The first was the controversy over defence minister Rajnath Singh placing lemons under the wheels of India’s first Rafale aircraft which he had gone to take delivery of in France. Now this is a belief among Hindus that it helps ward off evil. Soon, social media was littered with posts from many Congress leaders and supporters taking potshots at the minister and ridiculing the ruling Bharatiya Janata Party (BJP).

Senior Congress leader Mallikarjun Kharge criticised the gesture. Immediately, party colleague Sanjay Nirupam called him an atheist and said he supported Rajnath Singh’s act during the “shastra puja” he performed. Now what was the Congress’s official position? By the time that became somewhat clear, the damage had already been done. Sources in the party said the Congress could not support the Kharge line as most Hindus had faith in the tradition and many Congress leaders had practised it too.

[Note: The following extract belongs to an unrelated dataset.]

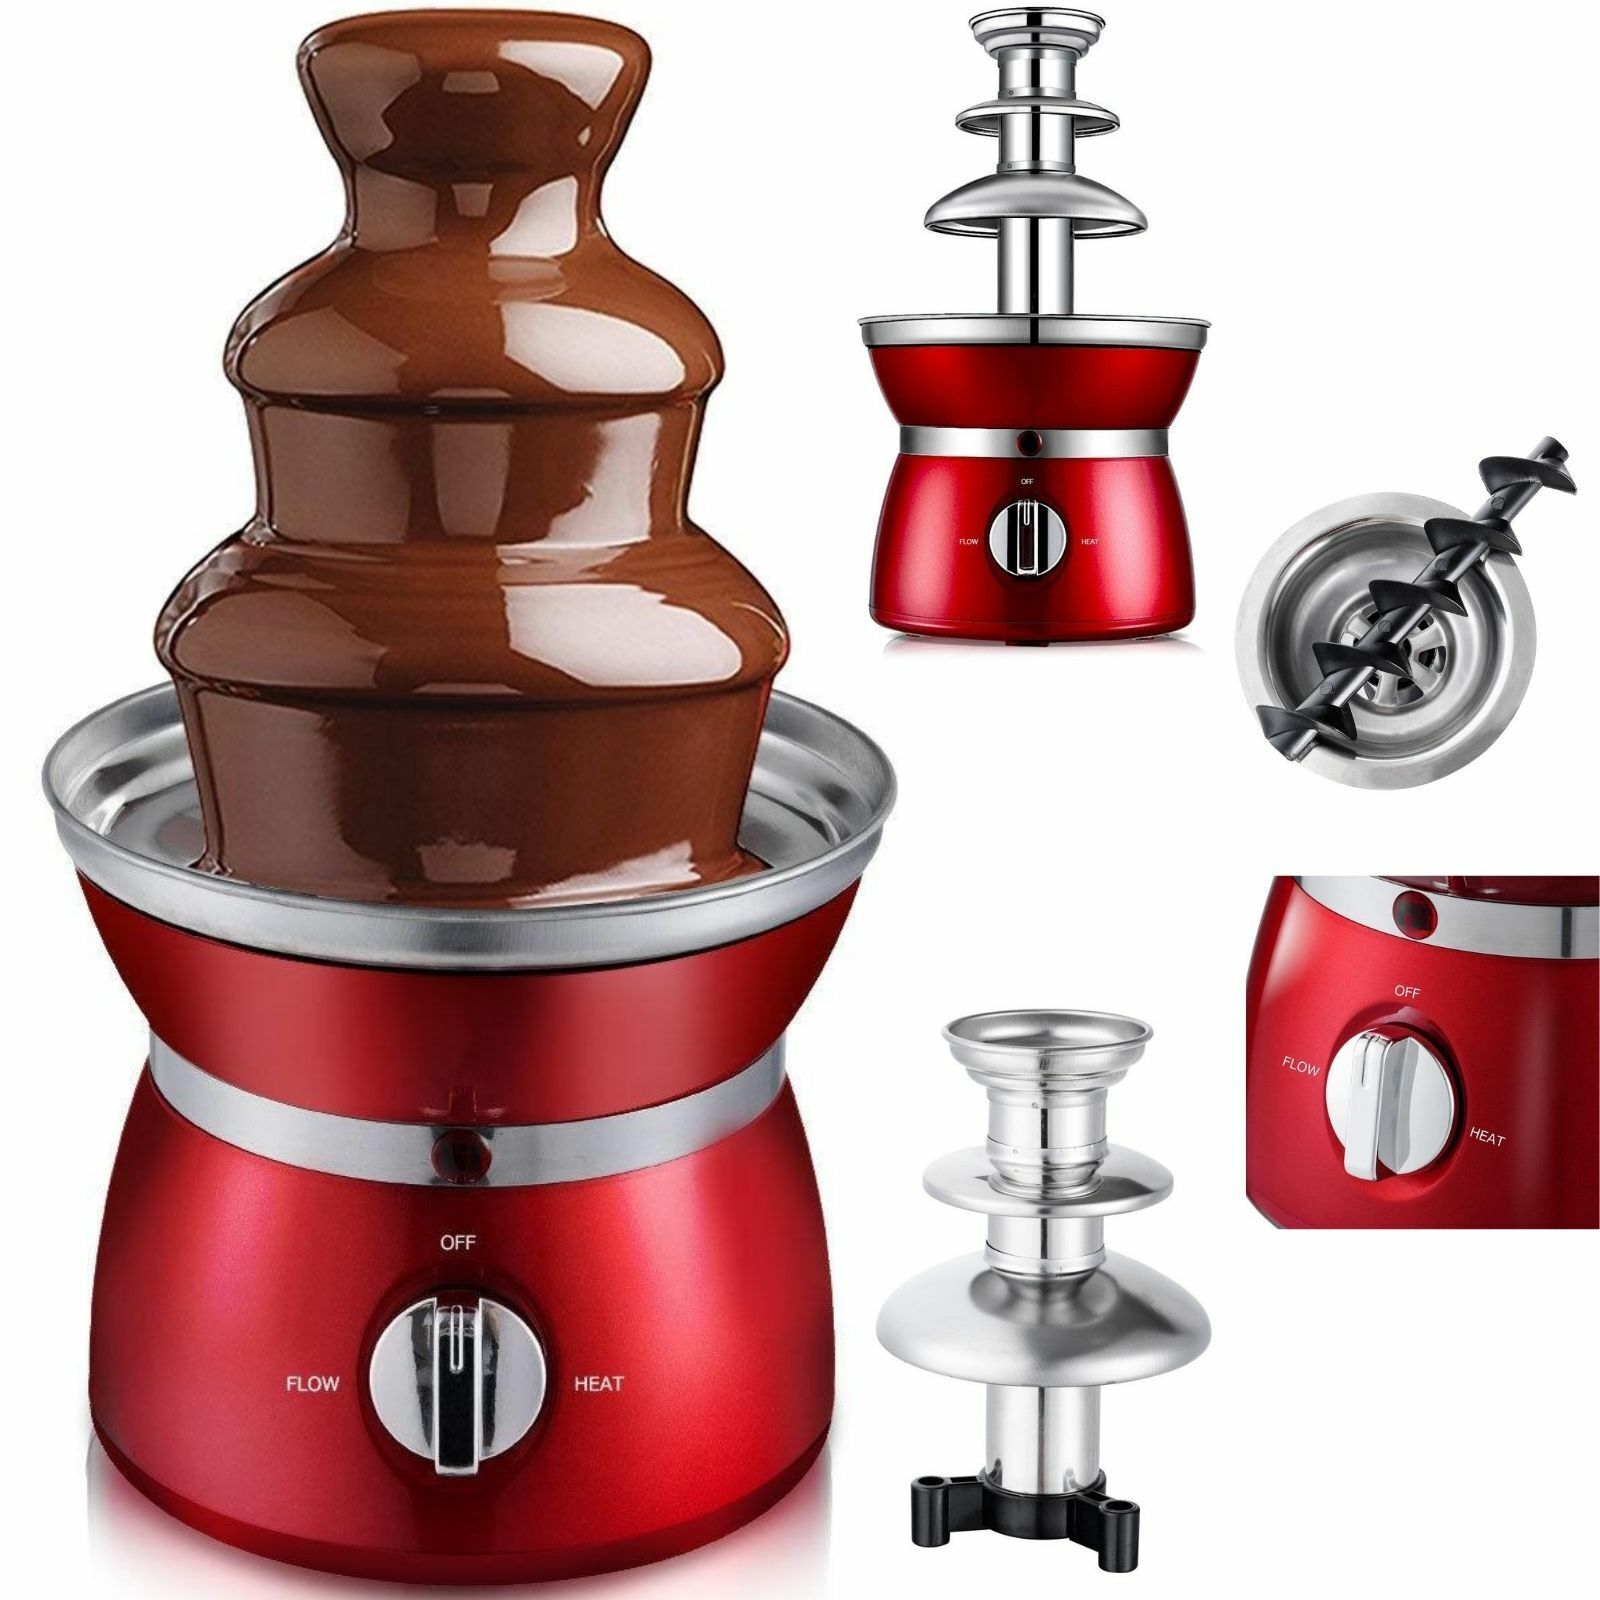 Chocolate Fondue Fountain 3 Tiers Stainless Steel 1.1Lbs Cap

This is where the BJP stole a march. The party swiftly tweeted images of Prime Minister Indira Gandhi carrying out a similar ritual. It was almost two hours later that the Congress pulled out an old soundbite of Narendra Modi deriding the “superstitious” practice using lemons. But, by then, the BJP had managed to capture the conversation. When finally the Congress carried out a press conference, its response was meek and its discomfort evident. “We think such issues are irrelevant and don’t want to engage in them,” said the party.

The more recent fracas occurred when leader of the United Kingdom’s opposition Labour Party Jeremy Corbyn said he had met a delegation of the overseas arm of the Congress to discuss human rights violations in Kashmir. For the BJP, this was a godsend. When the Congress was alerted to the developments, the party appeared clueless about who the members of the delegation were. The BJP tried to clear up the confusion by releasing pictures of Kamal Dhaliwal, who heads the UK chapter of the Indian Overseas Congress (IOC), with Corbyn and also with Rahul Gandhi and Manmohan Singh at different times.

The damage was done and the Congress was left fumbling for a face-saver. Sam Pitroda, chairman of the IOC, stays abroad and it took a while for the party to contact him and find out the facts. The Congress distanced itself from the IOC, but for the BJP and the press another controversy ringing the opposition party was born.

The communication gap becomes more apparent when one considers the fact that the Congress media department has been almost headless for a while, with Randeep Singh Surjewala focused on next week’s Haryana elections. The media wing is now being run by a handful of young, enthusiastic workers but there is no clarity yet on who will head the department which has, of late, had a lot of firefighting to do.

The Congress has come into its own as far as social media is concerned and its aggression is most visible online. But, as a senior Congress leader said: “In politics, it’s important to be heard and seen. The BJP plays mind games and unleashes its best and most aggressive to attack the Gandhis. Congress needs to catch up.”

The boycott of television news channels by the Congress since the Lok Sabha polls in not helping matters. Some within the party feel that this “ban” must be lifted so that the official Congress voice can be heard far and wide. The party has several young and articulate voices, but they are getting lost in the din of confusion.